Data in this exercise START

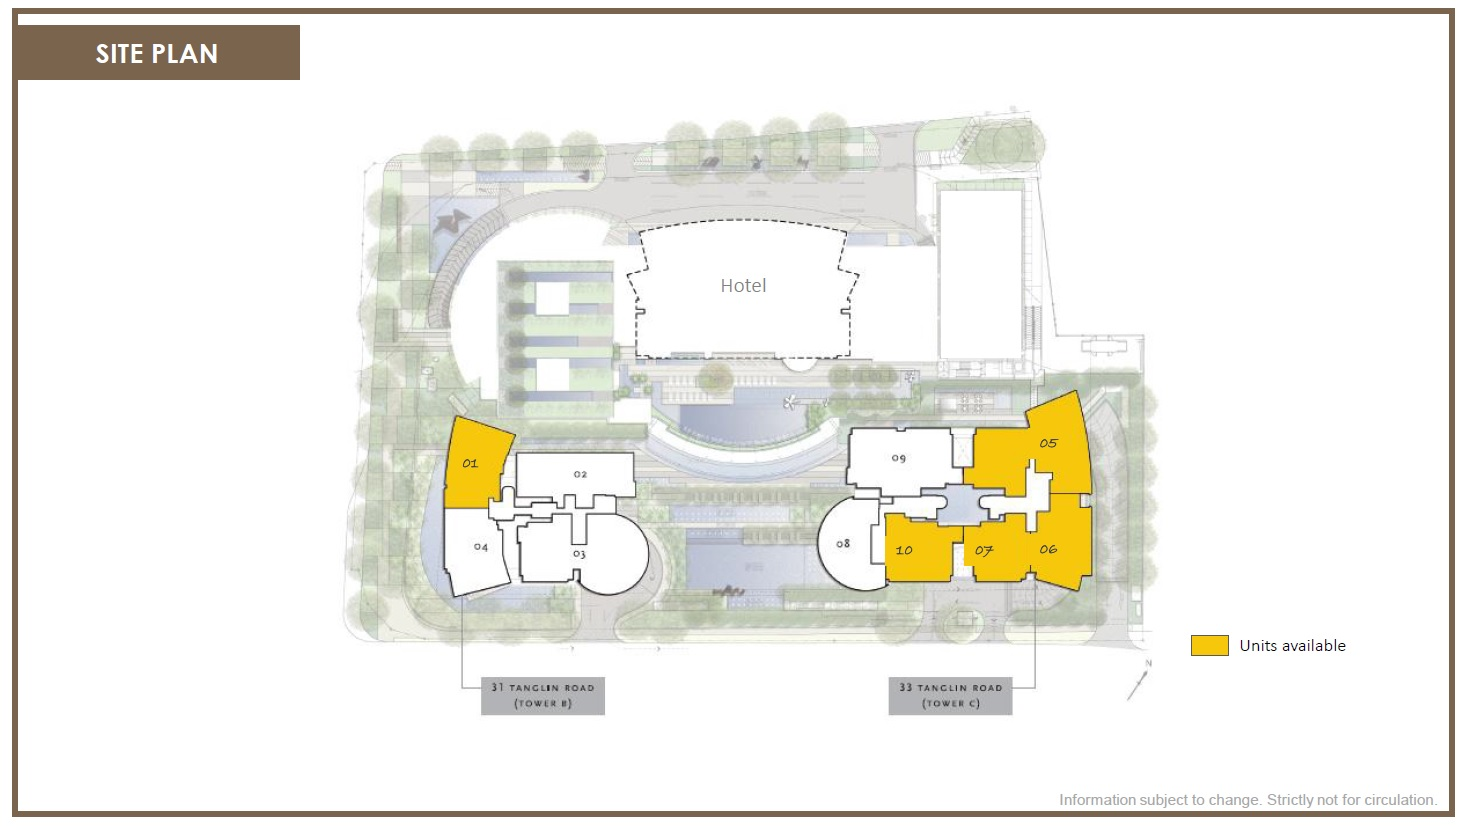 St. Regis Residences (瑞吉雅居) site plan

Data in this exercise END
Data in this exercise START

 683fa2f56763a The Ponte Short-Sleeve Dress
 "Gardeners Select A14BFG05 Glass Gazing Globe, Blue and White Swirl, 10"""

Data in this exercise END
Data in this exercise START

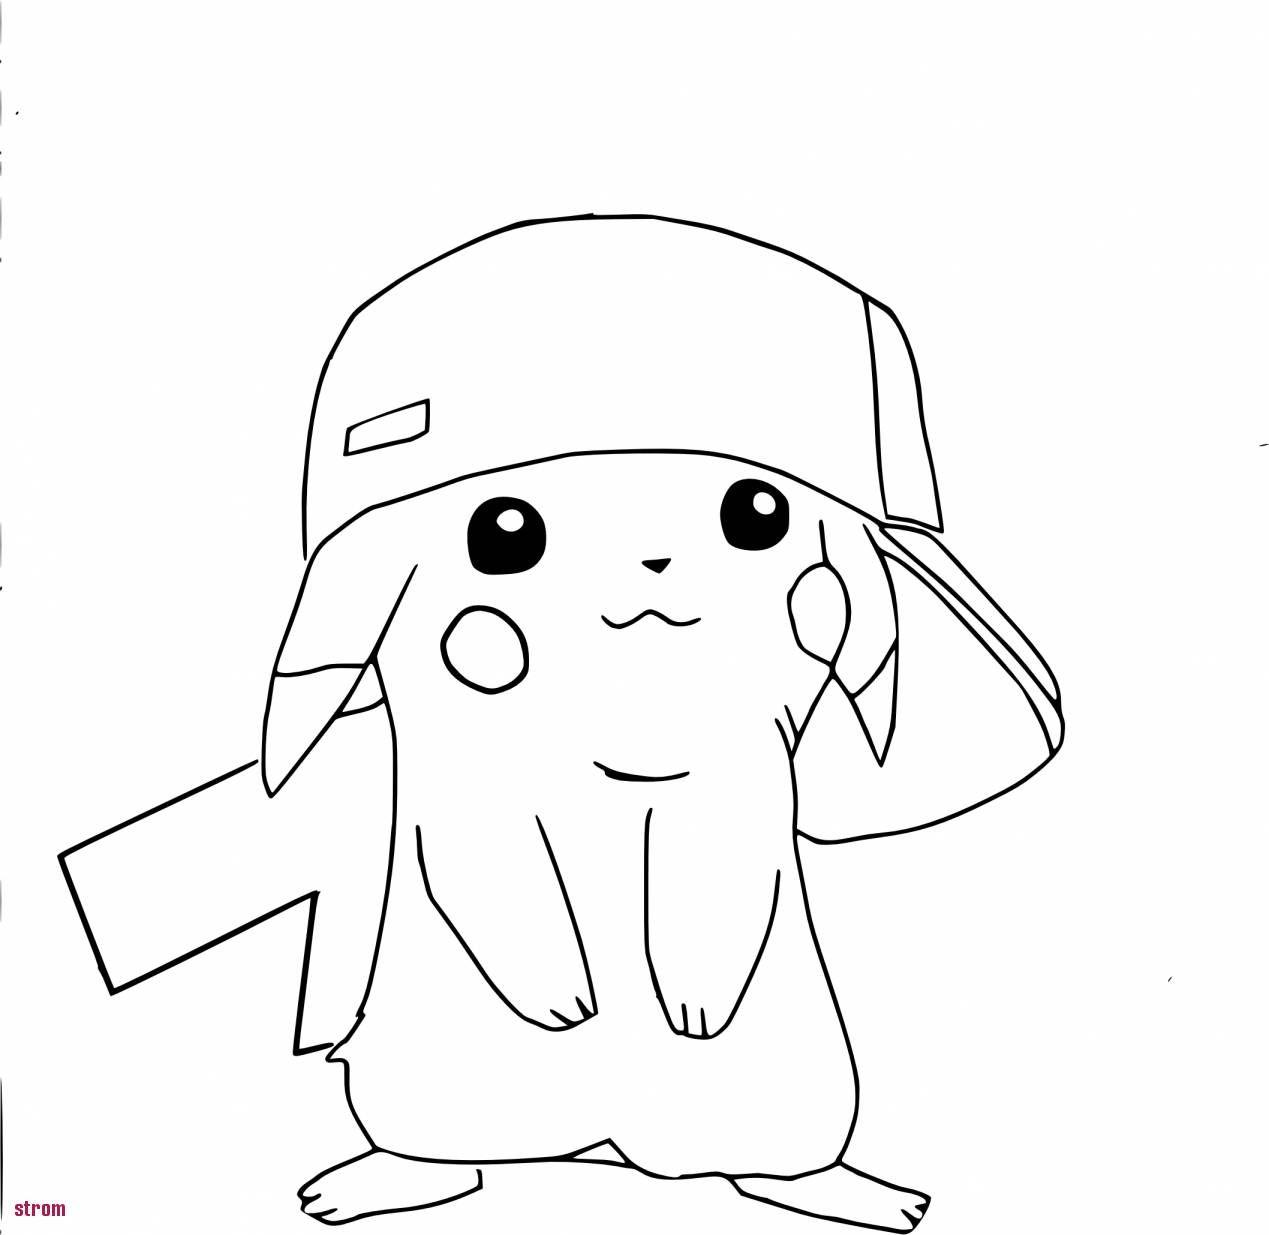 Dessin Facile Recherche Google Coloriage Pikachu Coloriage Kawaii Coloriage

Data in this exercise END

What the exercise asks: Working from the material above, retype exactly the lines from the one with "683fa2f56763a The Ponte Short-Sleeve Dress" through the one with "Select A14BFG05 Glass", both included, and only those lines.

Expected answer:
 683fa2f56763a The Ponte Short-Sleeve Dress
 "Gardeners Select A14BFG05 Glass Gazing Globe, Blue and White Swirl, 10"""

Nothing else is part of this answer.